In contrast, the ADA does not recognize ESAs. The U.S. Department of Justice, which administers the ADA, issued revised regulations stating that, as of March 15, 2011, only dogs are recognized as service animals under the ADA and such a service animal must be individually trained to do work or perform tasks for the disabled person to qualify. Nonetheless, the ADA does recognize PSAs, as held by the U.S. District Court for the Eastern District of New York in Stamm v. New York City Transit Authority. See 42 NDLR P 278 (E.D. NY 2011). The court in Stamm looked to the “Notice of Proposed Rulemaking (‘NPRM’) issued by the DOJ in connection with proposed changes to … that agency’s definition of ‘service animals’” and specifically to its language, which states:
[PSAs] can be trained to perform a variety of tasks that assist individuals with disabilities to detect the onset of psychiatric episodes and ameliorate their effects.

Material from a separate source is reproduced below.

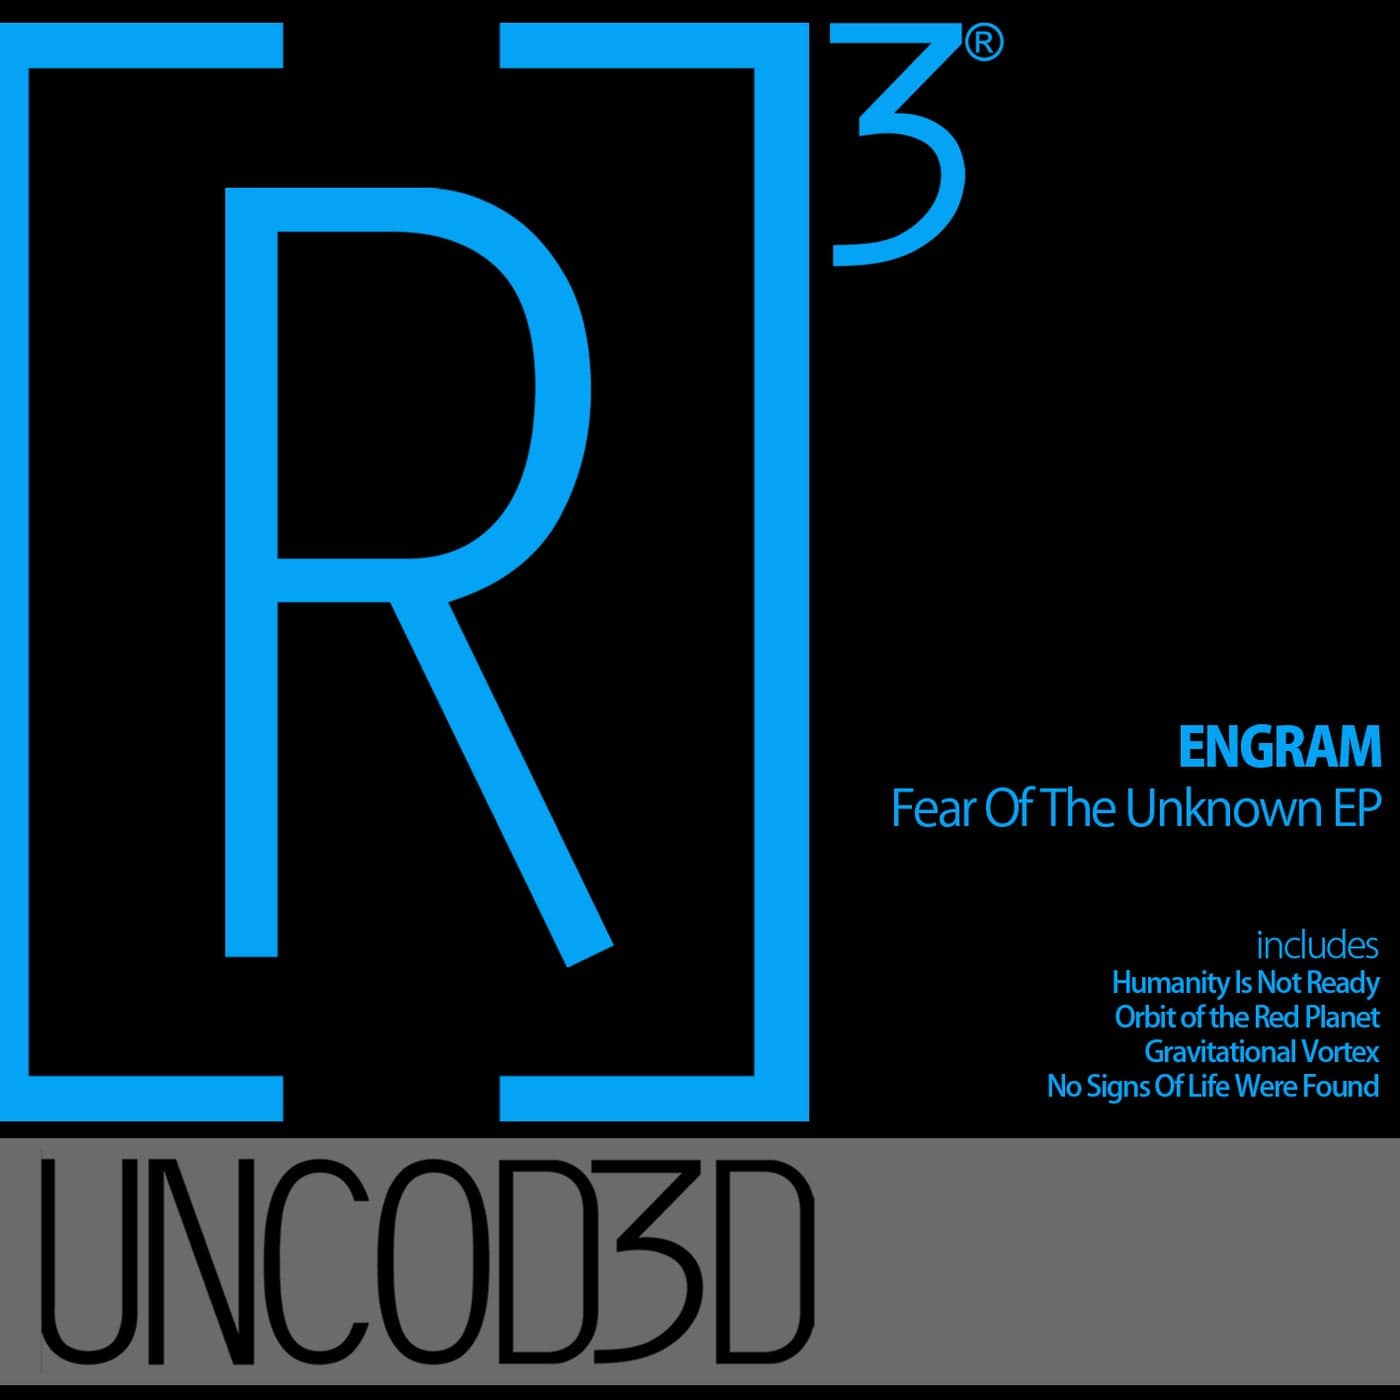 Download Engram - Fear of the Unknown EP on Electrobuzz

Tasks performed by [PSAs] may include reminding the handler to take medicine; providing safety checks, or room searches, or turning on lights for persons with Post Traumatic Stress Disorder; interrupting self-mutilation by persons with dissociative identity disorders; and keeping disoriented individuals from danger.
Thus, PSAs are differentiated from ESAs on the basis of how they assist their owner, not by the precise disability had by the specific individual within the protected class.

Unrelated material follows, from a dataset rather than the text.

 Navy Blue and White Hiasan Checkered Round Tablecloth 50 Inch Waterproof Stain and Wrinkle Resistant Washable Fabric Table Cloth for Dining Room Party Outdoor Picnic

In conclusion, how an animal is classified—as a pet, service animal, ESA, or PSA—can have significant implications under the law. This is the juggernaut that spurs litigation in this legal field. How should a real estate professional address the presence of an animal on their real property? Pursuant to the Joint Statement of the Department of Housing and Urban Development and the Department of Justice on Reasonable Accommodations under the Fair Housing Act, “If a person’s disability is obvious, or otherwise known to the provider, and if the need for the requested accommodation is also readily apparent or known, then the provider may not request any additional information about the requester’s disability or the disability-related need for the accommodation.” Further, “if the requester’s disability is known or readily apparent to the provider, but the need for the accommodation is not readily apparent or known, the provider may request only information that is necessary to evaluate the disability-related need for the accommodation.” For a provider to inquire further exposes him or her to liability under the ADA and FHA. See Bhogaita v. Altamonte Heights Condominium Association Inc., 2012 U.S. Dist. LEXIS 178183 (M.D. Fla 2012).

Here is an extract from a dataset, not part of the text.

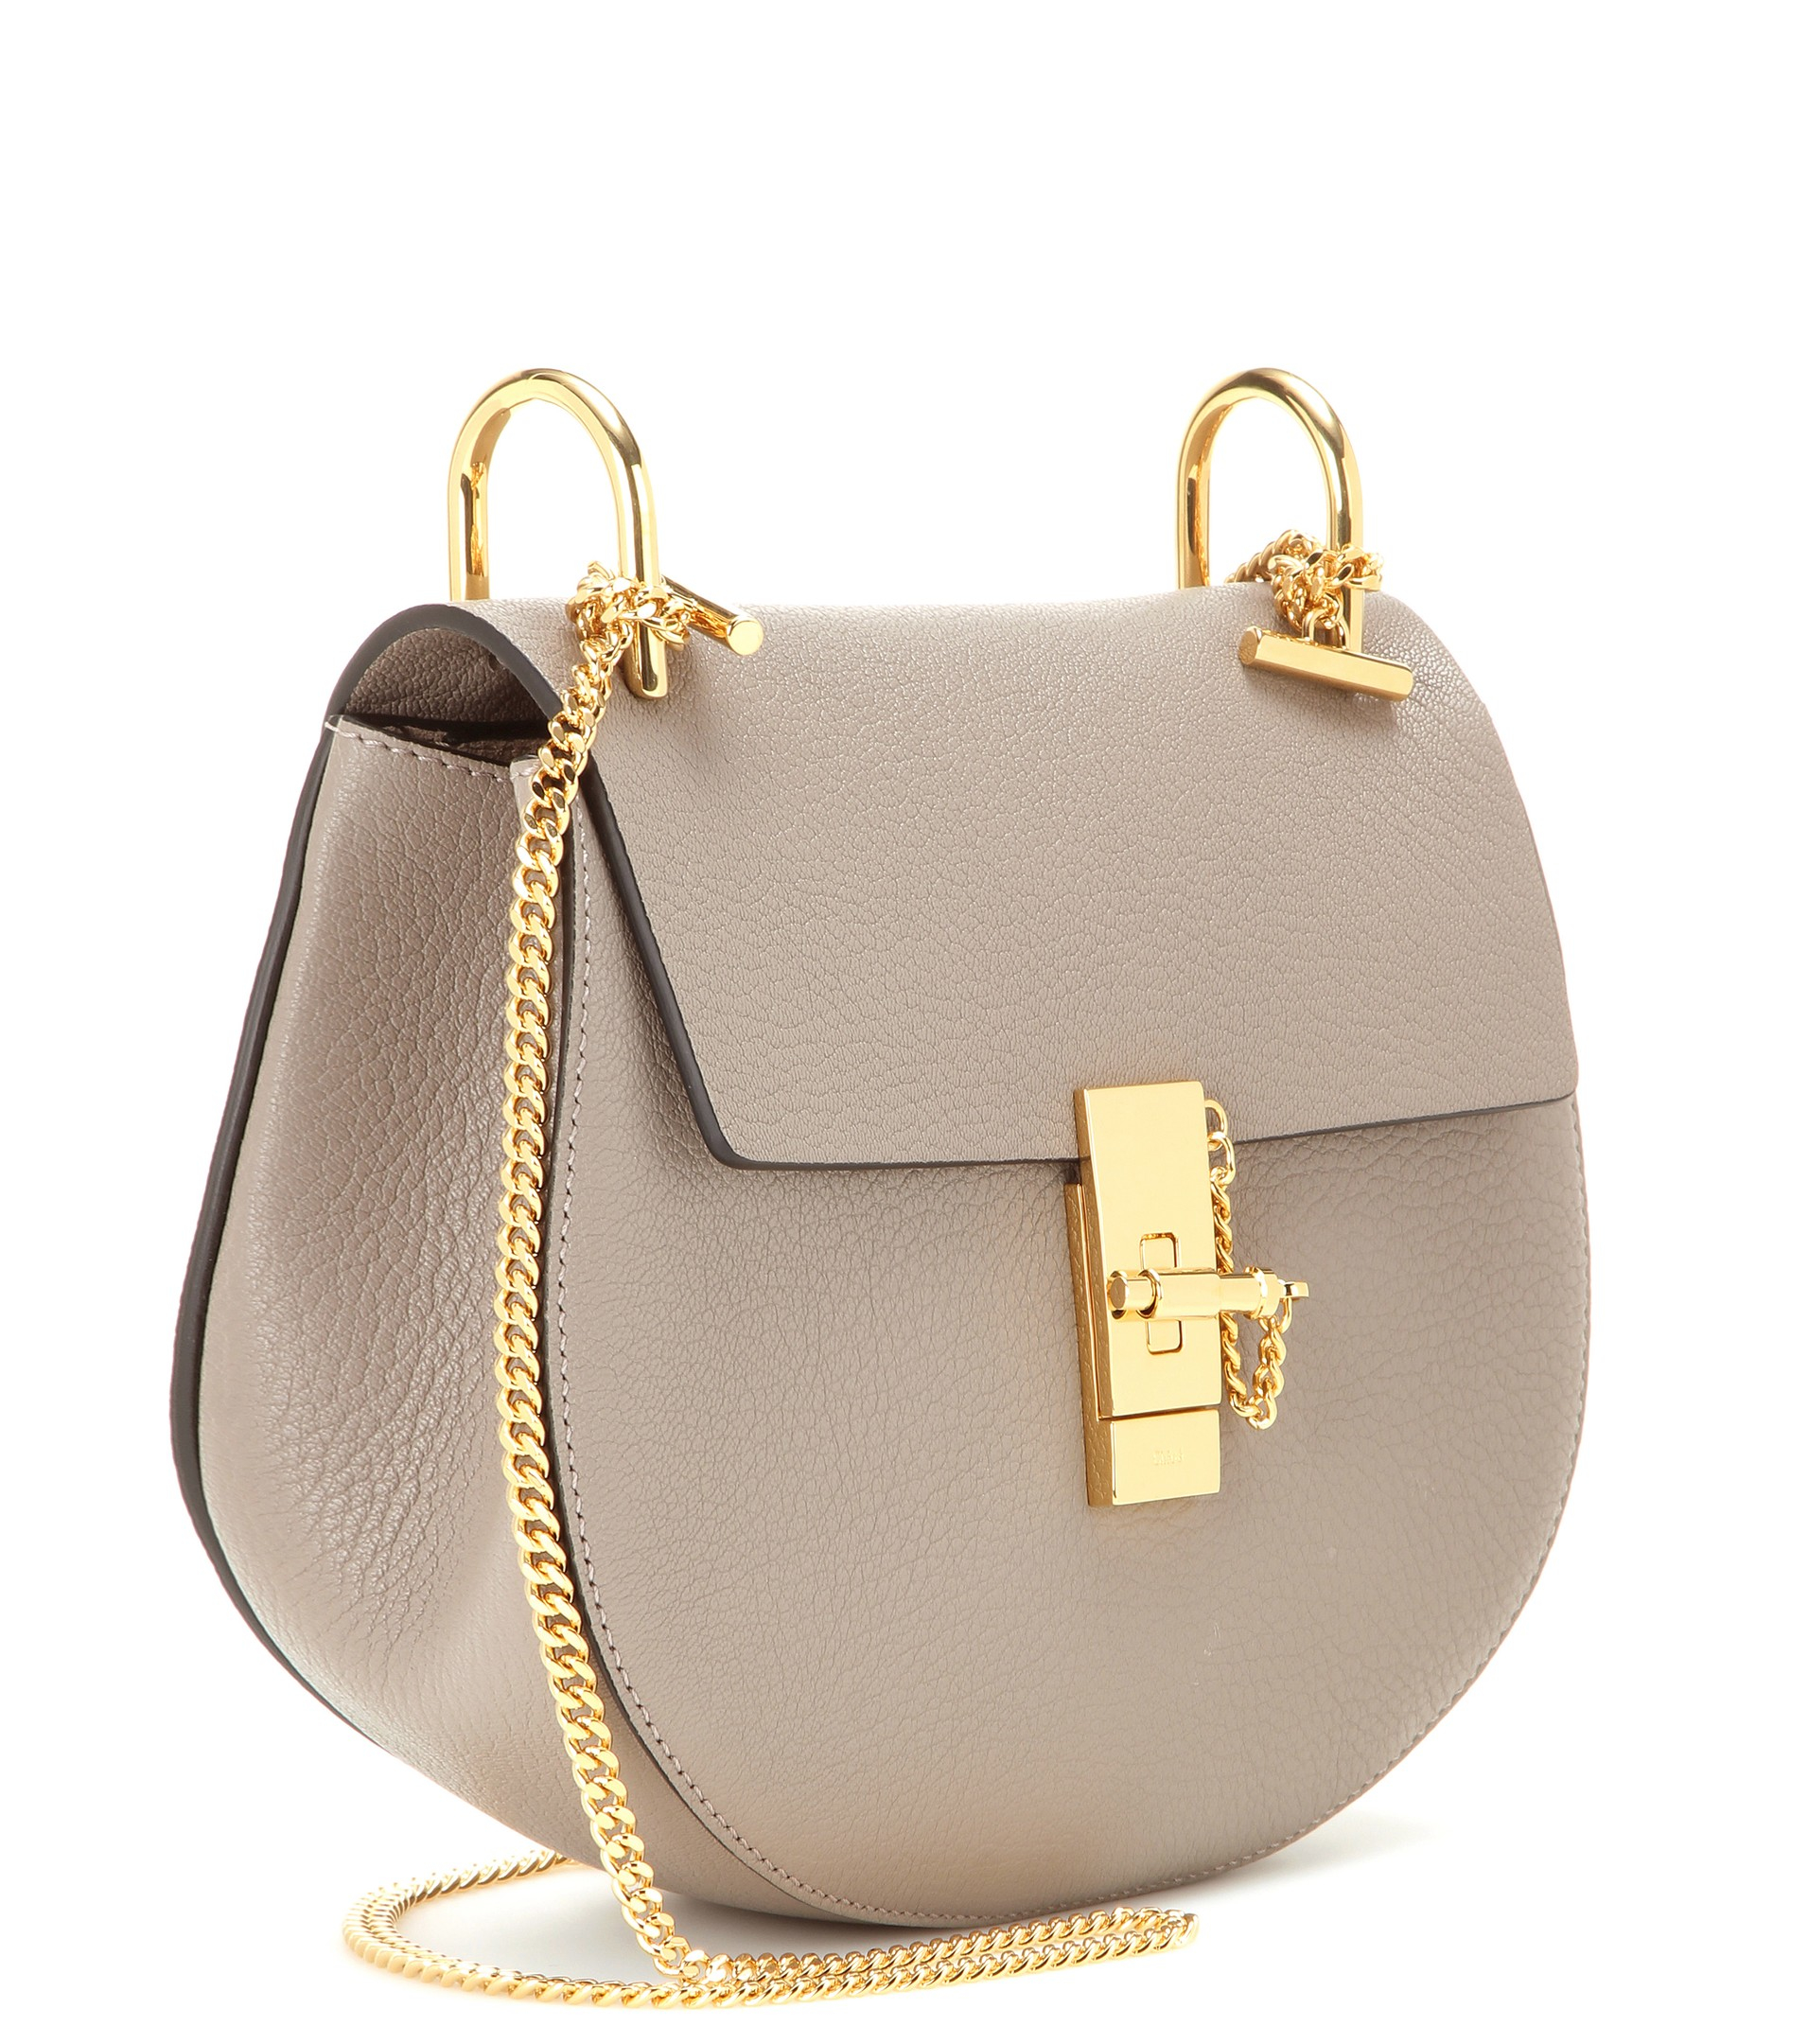 Chloé Drew Small Leather Shoulder Bag in Gray - Lyst

As a result, counsel must be proactive in crafting pet policies that provide reasonable accommodations for service animals, PSAs, and ESAs. They must also address typical concerns about pets, such as damage to units. Today, blanket rules for animals on real property should not exist. Instead, real estate owners should offer their staff a taxonomy training to address each uniquely situated person who enters their property. Otherwise, it’s a matter of time before litigation is threatened or ensues.